J&J vaccine raises hopes, concerns
1-dose drug strong, but less so against S. African variant
One-dose drug strong but less so against South African COVID-19 variant.
Johnson & Johnson, the only major drugmaker developing a singledose vaccine for COVID, announced Friday that its shot provided strong protection against COVID-19, potentially offering another powerful tool in a desperate race against a worldwide rise in virus mutations.
But the results came with a significant cautionary note: The vaccine’s efficacy rate dropped from 72% in the United States to 57% in South Africa, where a highly contagious variant is driving most cases.
Studies suggest that this variant also blunts the effectiveness of COVID vaccines made by Pfizer-BioNTech, Moderna and Novavax. The variant has spread to at least 31 countries, including the United States, where two cases were documented this week.
With these results, Johnson & Johnson became the fifth company supported by the U.S. government to develop an effective COVID vaccine in less than a year, and the only one that doesn’t need two doses — a big advantage when most countries are struggling to get shots in arms more quickly.
The Johnson & Johnson vaccine was extremely effective in preventing severe cases of COVID — including serious illness caused by the variant, the company said. Though less effective than the Moderna and Pfizer vaccines now authorized in the United States, Johnson & Johnson’s is still considered a strong vaccine by scientists. Annual flu vaccines, for example, are typically 40% to 60% effective.
“This is a really great result,” said Akiko Iwasaki, immunologist at Yale University. “I hope this vaccine gets approved as soon as possible to reduce disease burden around the world.”
Johnson & Johnson said that it planned to apply for emergency authorization of the vaccine from the Food and Drug Administration as soon as next week, putting it on track to receive clearance later in February.
“This is the pandemic vaccine that can make a difference with a single dose,” said Dr.
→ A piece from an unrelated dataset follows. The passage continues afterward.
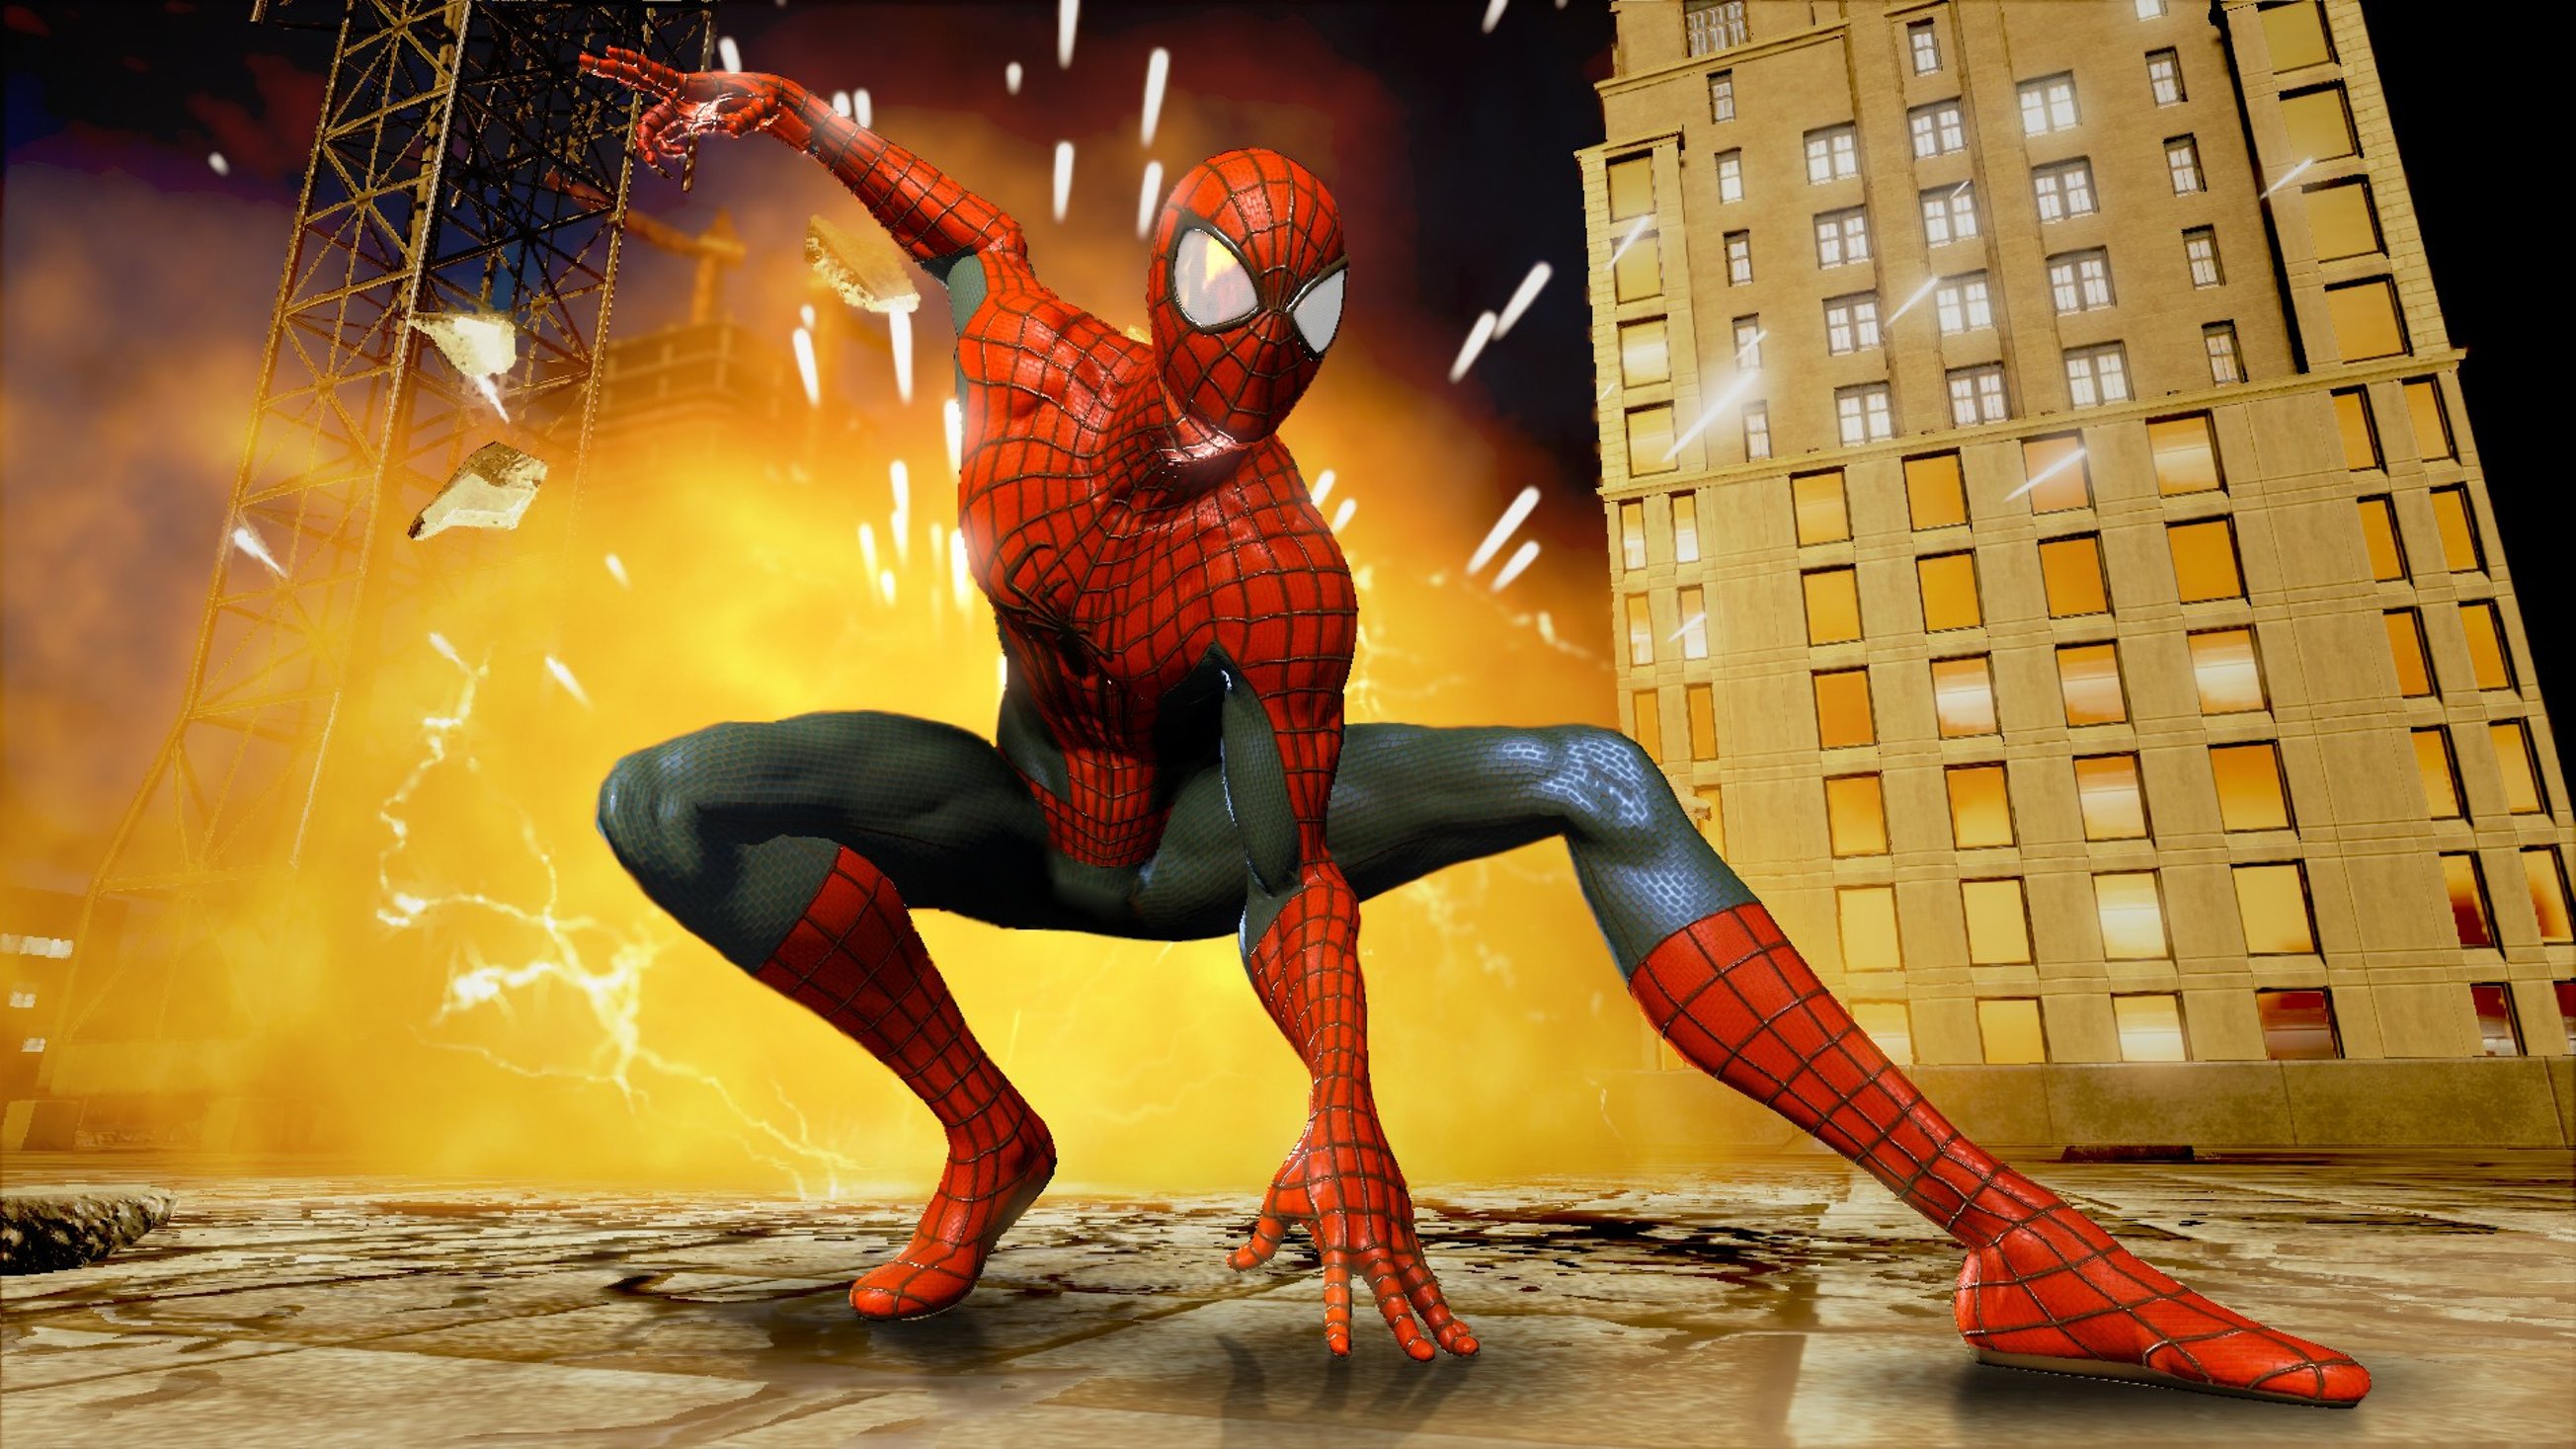 Игра город человека паука. Spider-man 2. Амазинг Спайдер Мэн 2. The amazing Spider-man игра 2014. The amazing Spider-man 2 (игра, 2014).
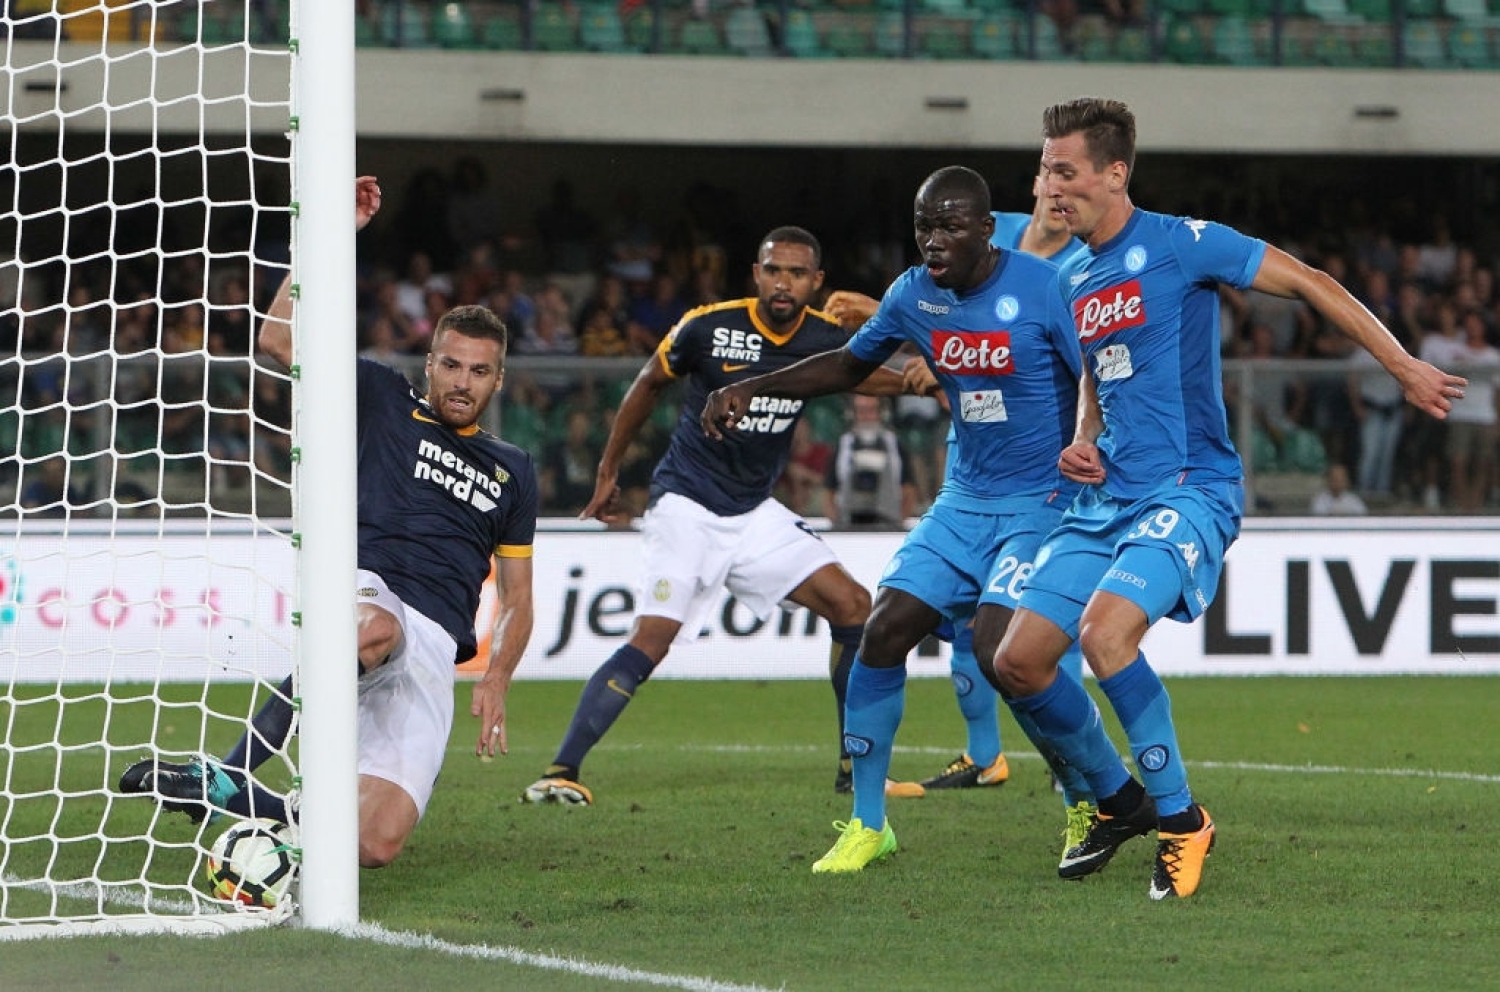 H.Verona - Napoli, i precedenti: 2 vittorie su 2 per i partenopei nelle ultime 2 uscite al "Bentegodi"

Paul Stoffels, the chief scientific officer of Johnson & Johnson.
The company’s announcement comes as the Biden administration is pushing to immunize Americans faster even with a tight vaccine supply. White House officials have been counting on Johnson & Johnson’s vaccine to ease the shortfall. But the company may only have about 7 million doses ready when the FDA decides whether to authorize it, according to federal health officials familiar with its production, and about 30 million doses by early April.
The variant from South Africa, known as B.1.351, could make things even worse for the vaccine push. Given the speed at which the variant swept through that country, it is conceivable that by April it could make up a large fraction of infections in the United States.
The fact that at least four vaccines backed by the federal government seem to be less effective against the B.1.351 variant has unsettled federal officials and vaccine experts alike. Facing this uncertainty, many researchers said it was imperative to get as many people vaccinated as possible — quickly. Lowering the rate of infection could thwart the contagious variants while they are still rare, and prevent other viruses from gaining new mutations that could cause more trouble.
“If ever there was reason to vaccinate as many people as expeditiously as we possibly can with the vaccine that we have right now, now is the time,” Dr. Anthony Fauci, the government’s top infectious disease expert, said in an interview. “Because the less people that get infected, the less chance you’re going to give this particular mutant a chance to become dominant.”
As the United States scrambles to get enough vaccines, the country is turning into something of an evolutionary experiment. The B.1.351 variant is one of several that have arrived in the country or originated here, all with the ability to spread faster than other variants.
Vaughan Cooper, an evolutionary biologist at the University of Pittsburgh, said that all the new variants were likely evolving quietly for months before bursting on the scene.
“I think we’re going to see many stories like this,” he said.
Federal regulators are also still waiting on data from Johnson & Johnson’s new manufacturing facility in Baltimore that prove it can mass-produce the vaccine. The company is counting on that factory to help reach its contractual pledge to the federal government of 100 million doses by the end of June.
If Johnson & Johnson can deliver vaccines quickly enough to the United States, it might be able to help drive down cases before variants make things worse. Since the vaccine requires only a single shot — unlike the Moderna and Pfizer-BioNTech vaccines, which require two — that delivery would translate into full coverage for 100 million people.
Johnson & Johnson’s vaccine has another advantage that might help speed up the rollout. It can stay viable in a refrigerator for three months, while the two authorized vaccines have to be kept frozen. That also gives the company an edge in getting the vaccine to remote areas of the world.